R
There are various cluster analysis functions. This article mainly introduces three methods: 层次聚集
, 划分聚类
, 基于模型的聚类
.
data preparation
Before cluster analysis, data can be pre-processed, such as including missing value treatment and data normalization. Take the iris dataset (iris) as an example.
# 数据预处理
mydata <- iris[,1:4]
mydata <- na.omit(mydata) # 删除缺失值
mydata <- scale(mydata) # 数据标准化
Partitioning
K-means
is our most commonly used 欧式距离
clustering algorithm based on, which believes that the closer the distance between two targets, the greater the similarity. The analyst needs to first determine how many categories to divide this set of data, that is, the number of clusters. Plotting the sum of squares within the group against the number of clusters extracted can help determine the appropriate number of clusters.
# 探索最佳聚类个数
# 计算不同个数聚类内部的距离平方和
wss <- (nrow(mydata)-1)*sum(apply(mydata,2,var))
for (i in 2:15) wss[i] <- sum(kmeans(mydata,centers=i)$withinss)
plot(1:15, wss, type="b",
xlab="Number of Clusters",
ylab="Within groups sum of squares")
WSS
The number of clusters that decreases and stabilizes is our optimal cluster. As shown in the figure, the requirement is met when the number of clusters is 4. (3-5 are similar, and there is no unique number of clusters)
# K-Means 聚类分析
fit <- kmeans(mydata, 4) # 聚类数为4
# 每个聚类的均值
aggregate(mydata,by=list(fit$cluster),FUN=mean)
# 添加聚类列
mydata_result <- data.frame(mydata, fit$cluster)
Hierarchical clustering
R language provides a wealth of hierarchical clustering functions, here is a brief introduction Ward
to the hierarchical clustering analysis using methods.

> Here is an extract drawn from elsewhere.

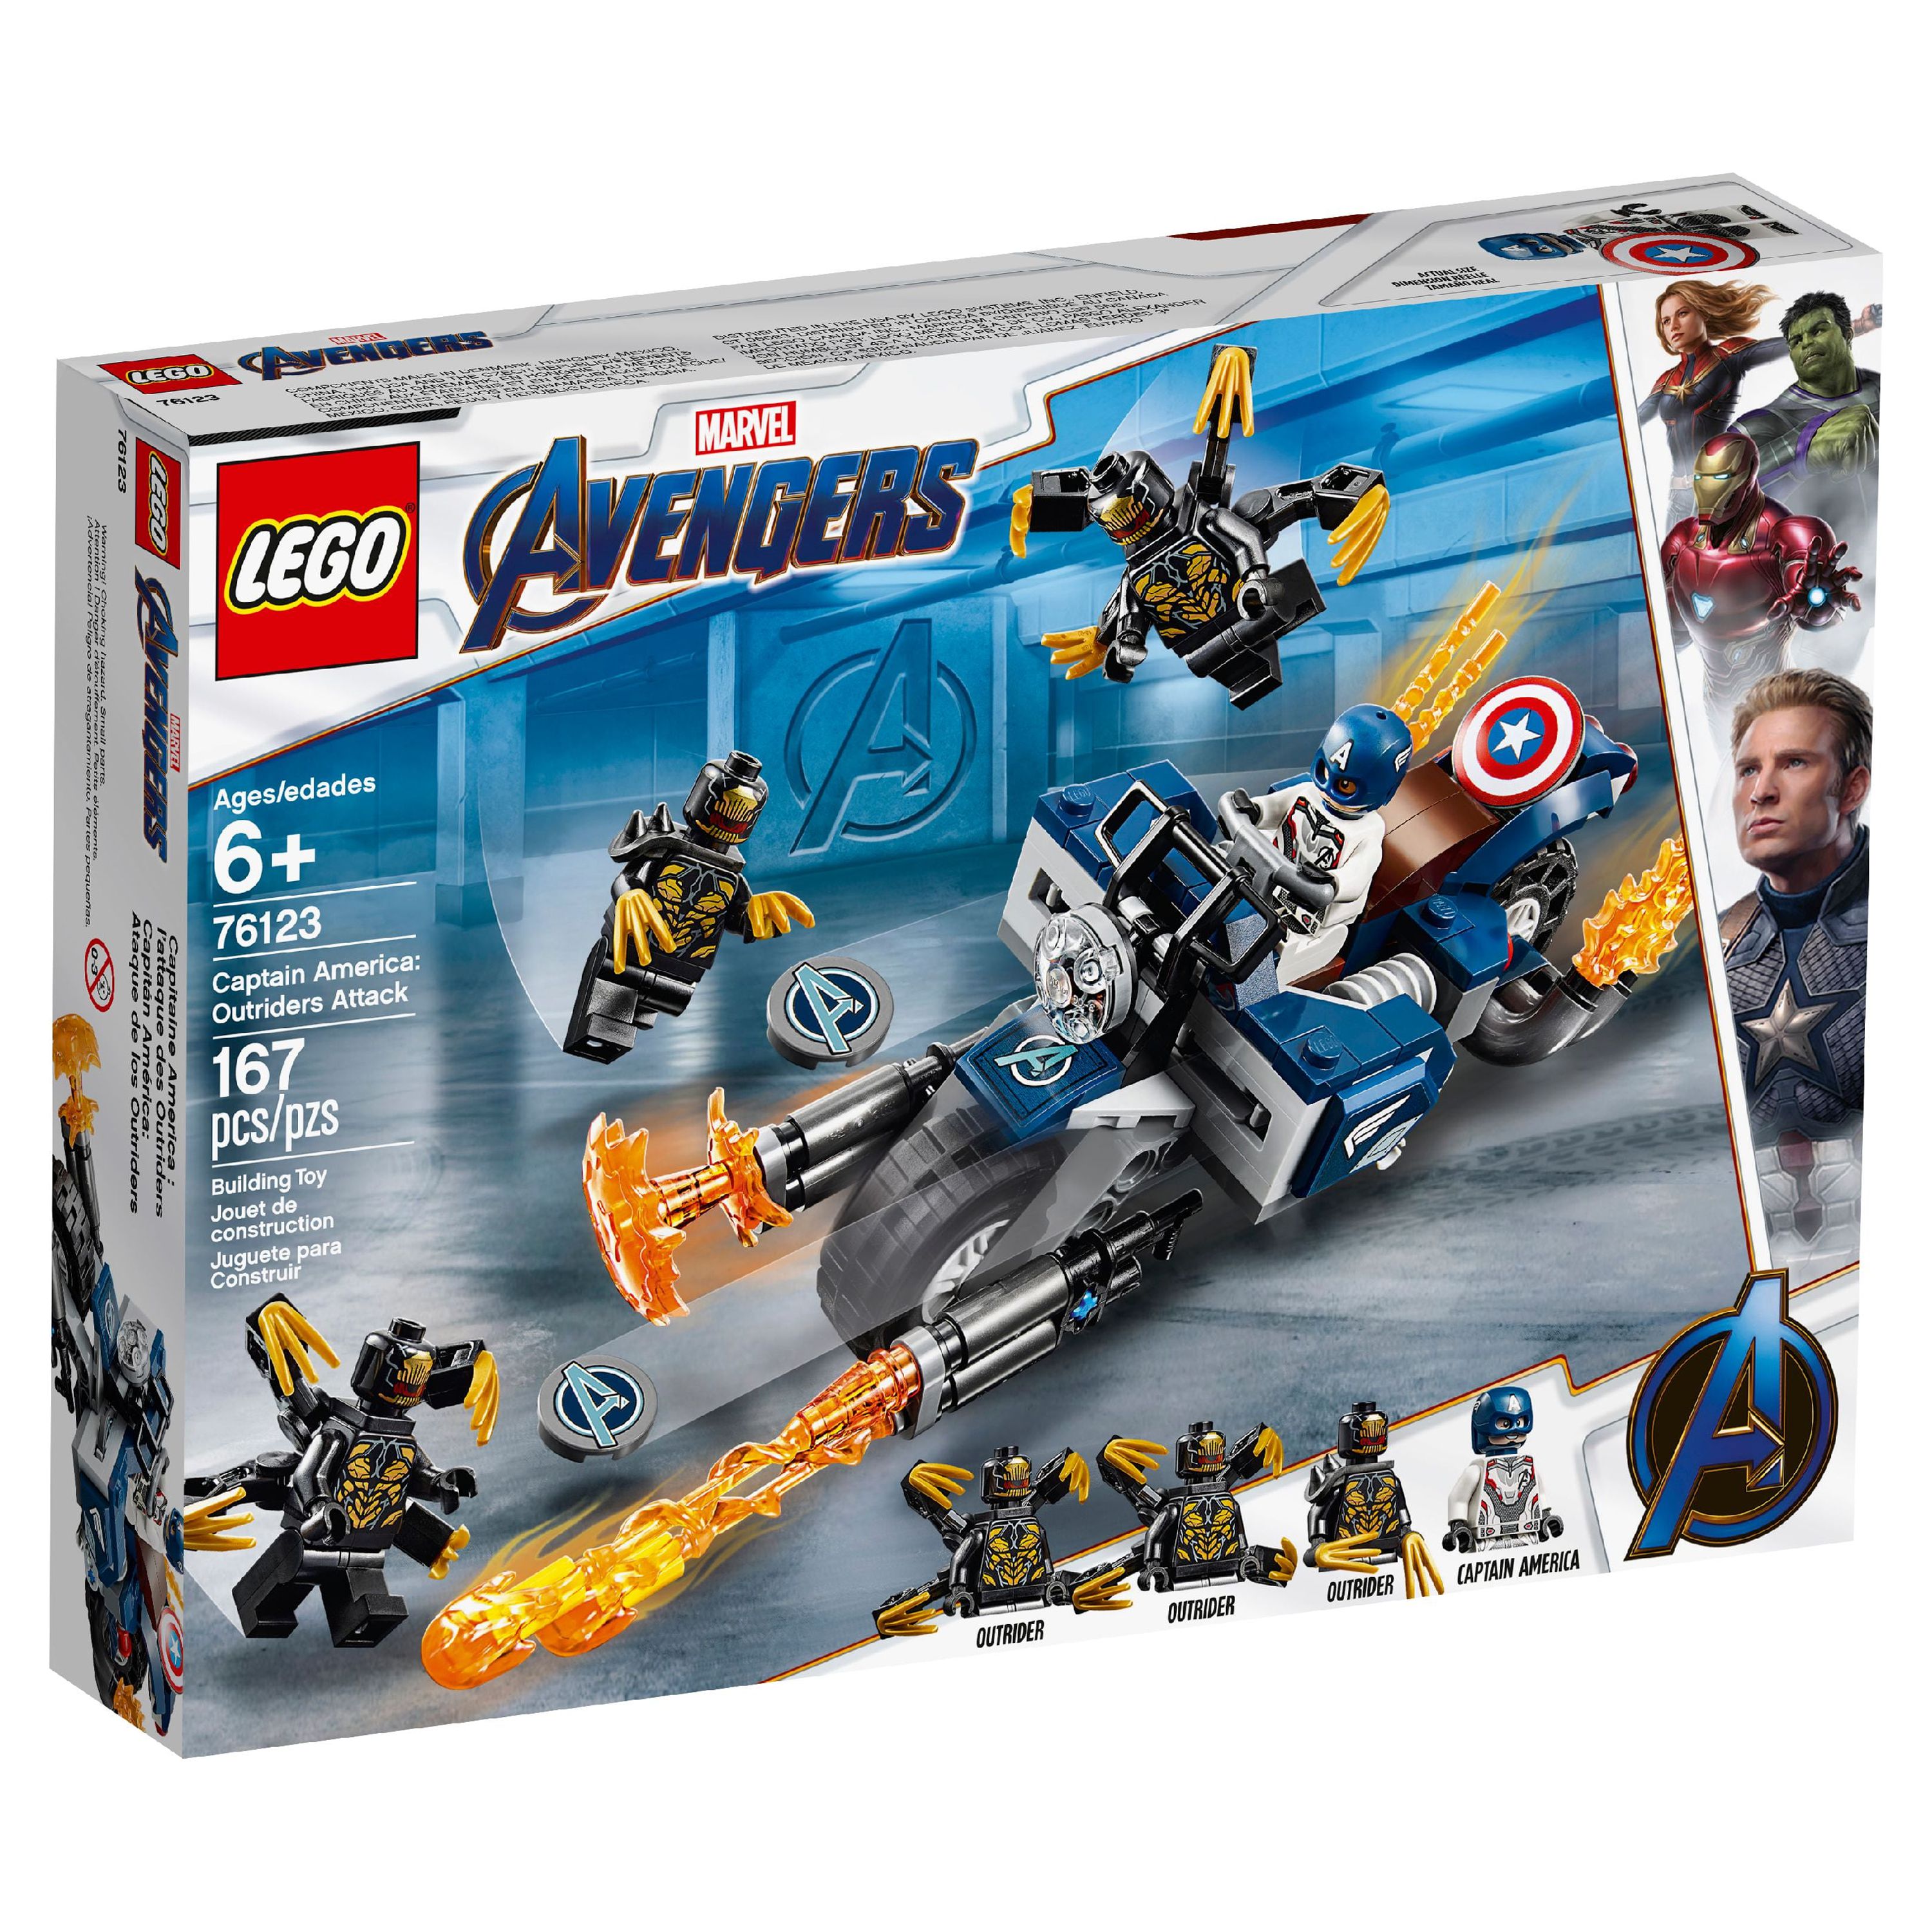 LEGO Marvel Avengers Captain America: Outriders Attack 76123 - image 5 of 8

Hierarchical Clustering, literally understood, is hierarchical clustering, and the final result is a tree structure. Technically speaking, hierarchical clustering creates a hierarchically nested clustering tree by calculating the similarity between data points of different categories.
The advantage of hierarchical clustering is that there is no need to specify the number of specific categories . What it gets is a tree. After the clustering is completed, a knife can be cross-cut at any level to get the specified number of clusters.
# Ward 层次聚类
d <- dist(mydata, method = "euclidean") #距离矩阵
fit <- hclust(d, method="ward")
plot(fit) # 聚类树
groups <- cutree(fit, k=3) # 将聚类树切成3个聚类
rect.hclust(fit, k=3, border="red")
pvclust
The functions in the package pvclust()
provide values for hierarchical clustering based on multiscale bootstrap
resampling p
. Clusters that are highly supported by the data will have larger p
values.
# Ward Hierarchical Clustering with Bootstrapped p values
library(pvclust)
fit <- pvclust(mydata, method.hclust="ward",
method.dist="euclidean")
plot(fit) # dendogram with p values
# add rectangles around groups highly supported by the data
pvrect(fit, alpha=.95)
model-based clustering
Model-based clustering methods use maximum likelihood estimation and Bayesian criterion to select the best clustering model and determine the optimal number of clusters among a large number of hypothetical models. Among them, for parameterized Gaussian mixture models, Mclust
the functions in the package Mclust()
select the optimal model according to the BIC of the hierarchical clustering initialization EM.
# Model Based Clustering
library(mclust)
fit <- Mclust(mydata)
plot(fit) # plot results
summary(fit) # display the best model
> summary(fit) # display the best model
----------------------------------------------------
Gaussian finite mixture model fitted by EM algorithm
----------------------------------------------------
Mclust VVV (ellipsoidal, varying volume, shape, and orientation) model with 2 components:
log-likelihood n df BIC ICL
-322.6936 150 29 -790.6956 -790.6969
Clustering table:
1 2
50 100
From the above results, it is better to divide into two clusters.
Cluster visualization
# K-Means Clustering with 5 clusters
fit <- kmeans(mydata, 3)
# vary parameters for most readable graph
library(cluster)
clusplot(mydata, fit$cluster, color=TRUE, shade=TRUE,
labels=2, lines=0)
# Centroid Plot against 1st 2 discriminant functions
install.packages('fpc')
library(fpc)
plotcluster(mydata, fit$cluster)
reference
Quick-R: Cluster Analysis (statmethods.net)(https://www.statmethods.net/advstats/cluster.html)
Canoe Notes 2022 VIP Project
rights and interests:
Sample data and code of all tweets in the 2022 Canoe Notes (updated in real time in the VIP group) .
Canoe Notes Scientific Research Exchange Group .
Half-price purchase
跟着Cell学作图系列合集
(free tutorial + code collection)|Follow Cell to learn to draw a collection of series .
TOLL:
99¥/person . You can add WeChat: mzbj0002
transfer money, or give a reward directly at the end of the article.